* Recorded information *
**********
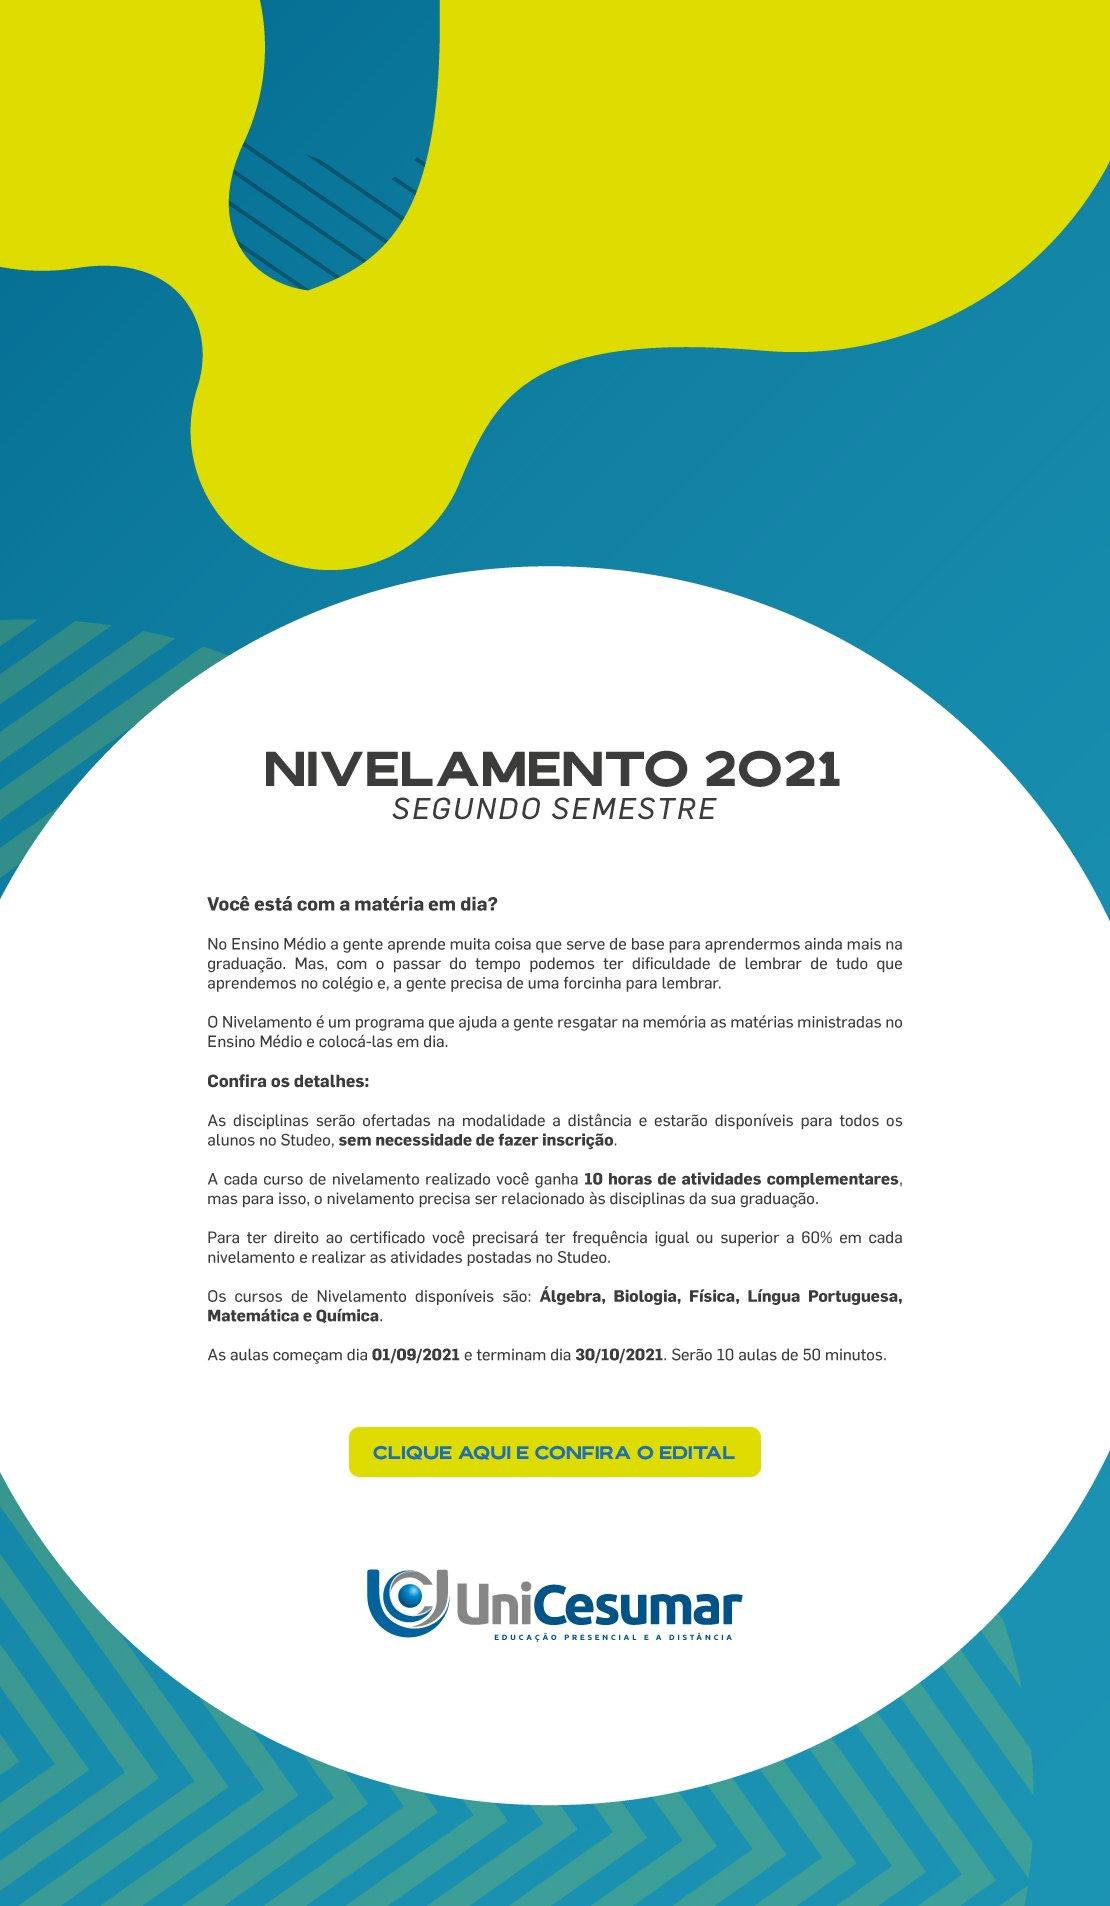 _hotsite_nivelamento_2021-2 (1)
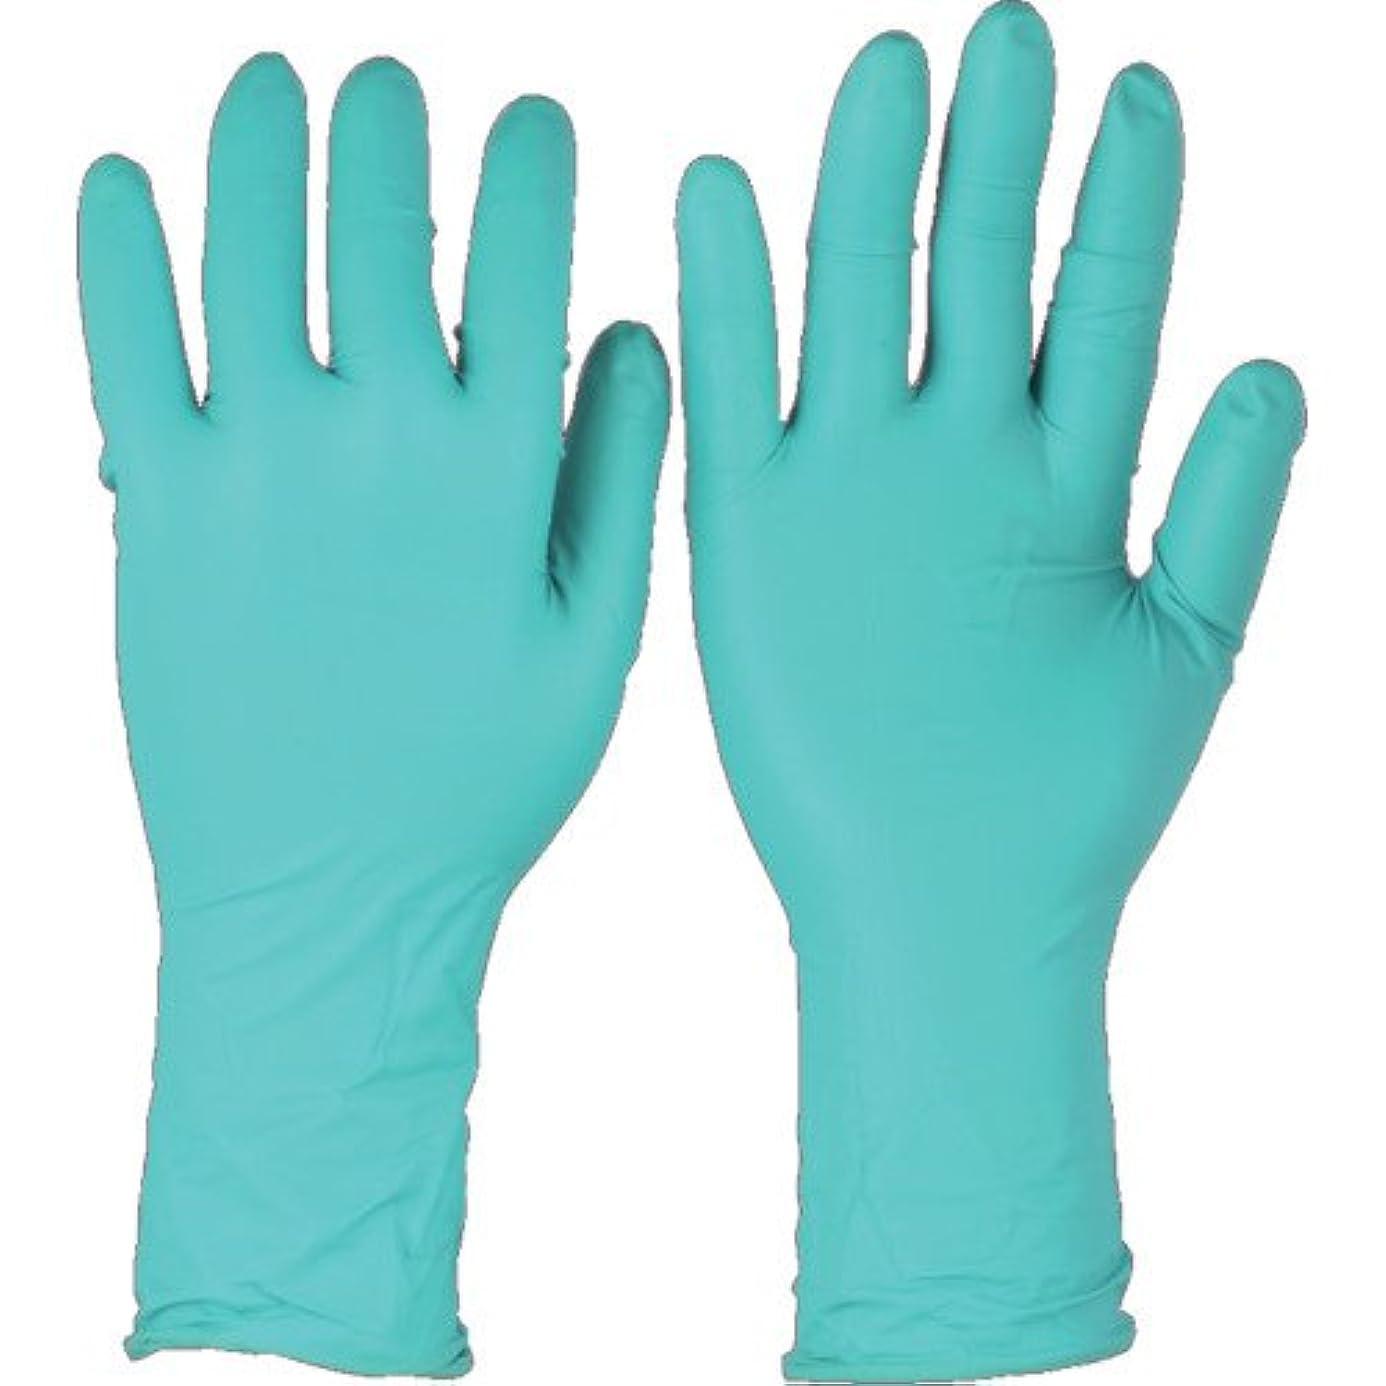 指定薬形状トラスコ中山 アンセル ネオプレンゴム使い捨て手袋 マイクロフレックス 93-260 XLサイズ (50枚入)  9326010
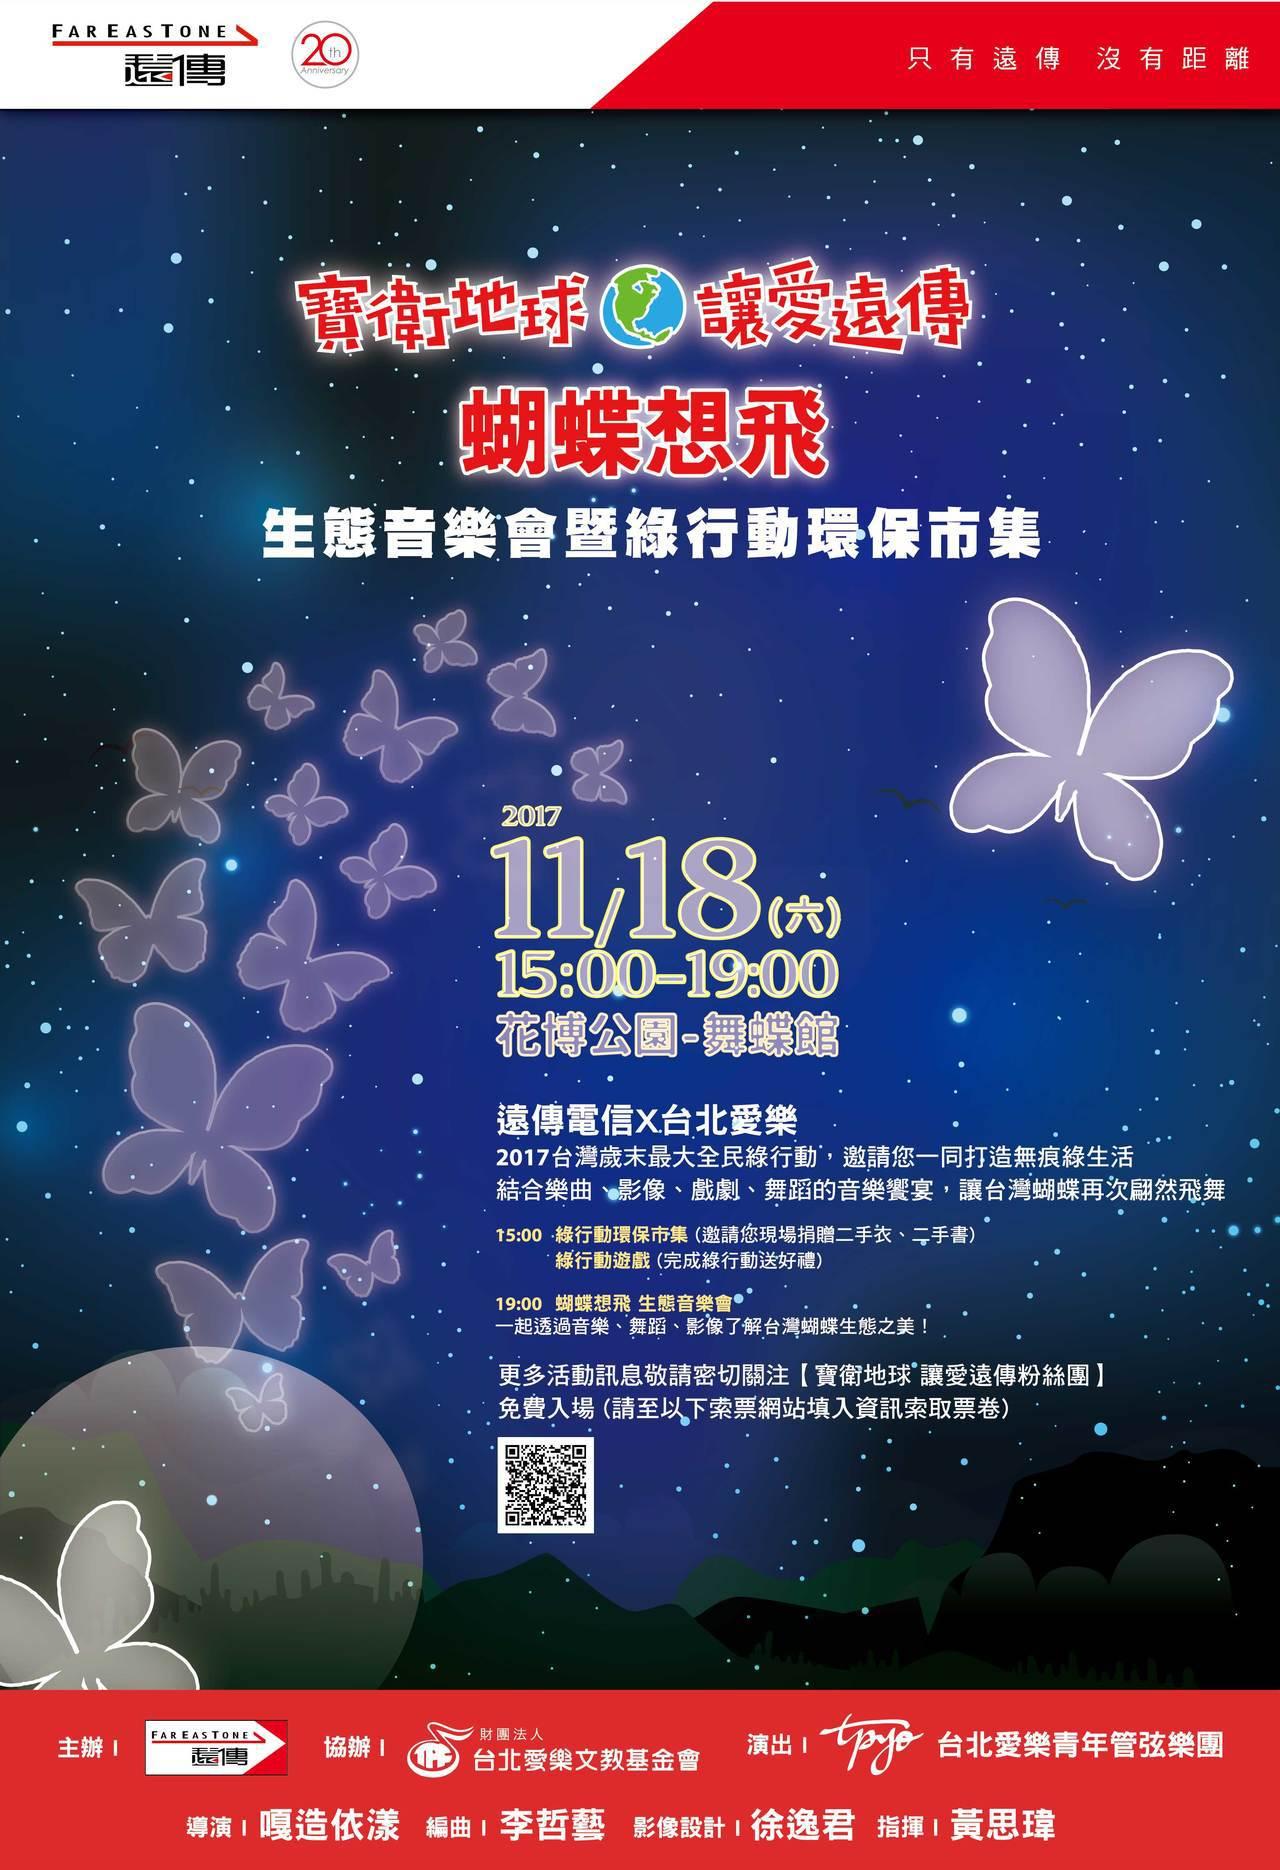 遠傳電信、台北愛樂將於11月18日舉辦「蝴蝶想飛」生態音樂會暨綠行動環保市集,即...
**********
* Brief *
Begin at the line with "指定薬形状トラスコ中山 アンセル ネオプレンゴム使い捨て手袋" and end at the last line of the data above. Reproduce those lines exactly, but not the pictures.

* Task response *
 指定薬形状トラスコ中山 アンセル ネオプレンゴム使い捨て手袋 マイクロフレックス 93-260 XLサイズ (50枚入)  9326010
 遠傳電信、台北愛樂將於11月18日舉辦「蝴蝶想飛」生態音樂會暨綠行動環保市集,即...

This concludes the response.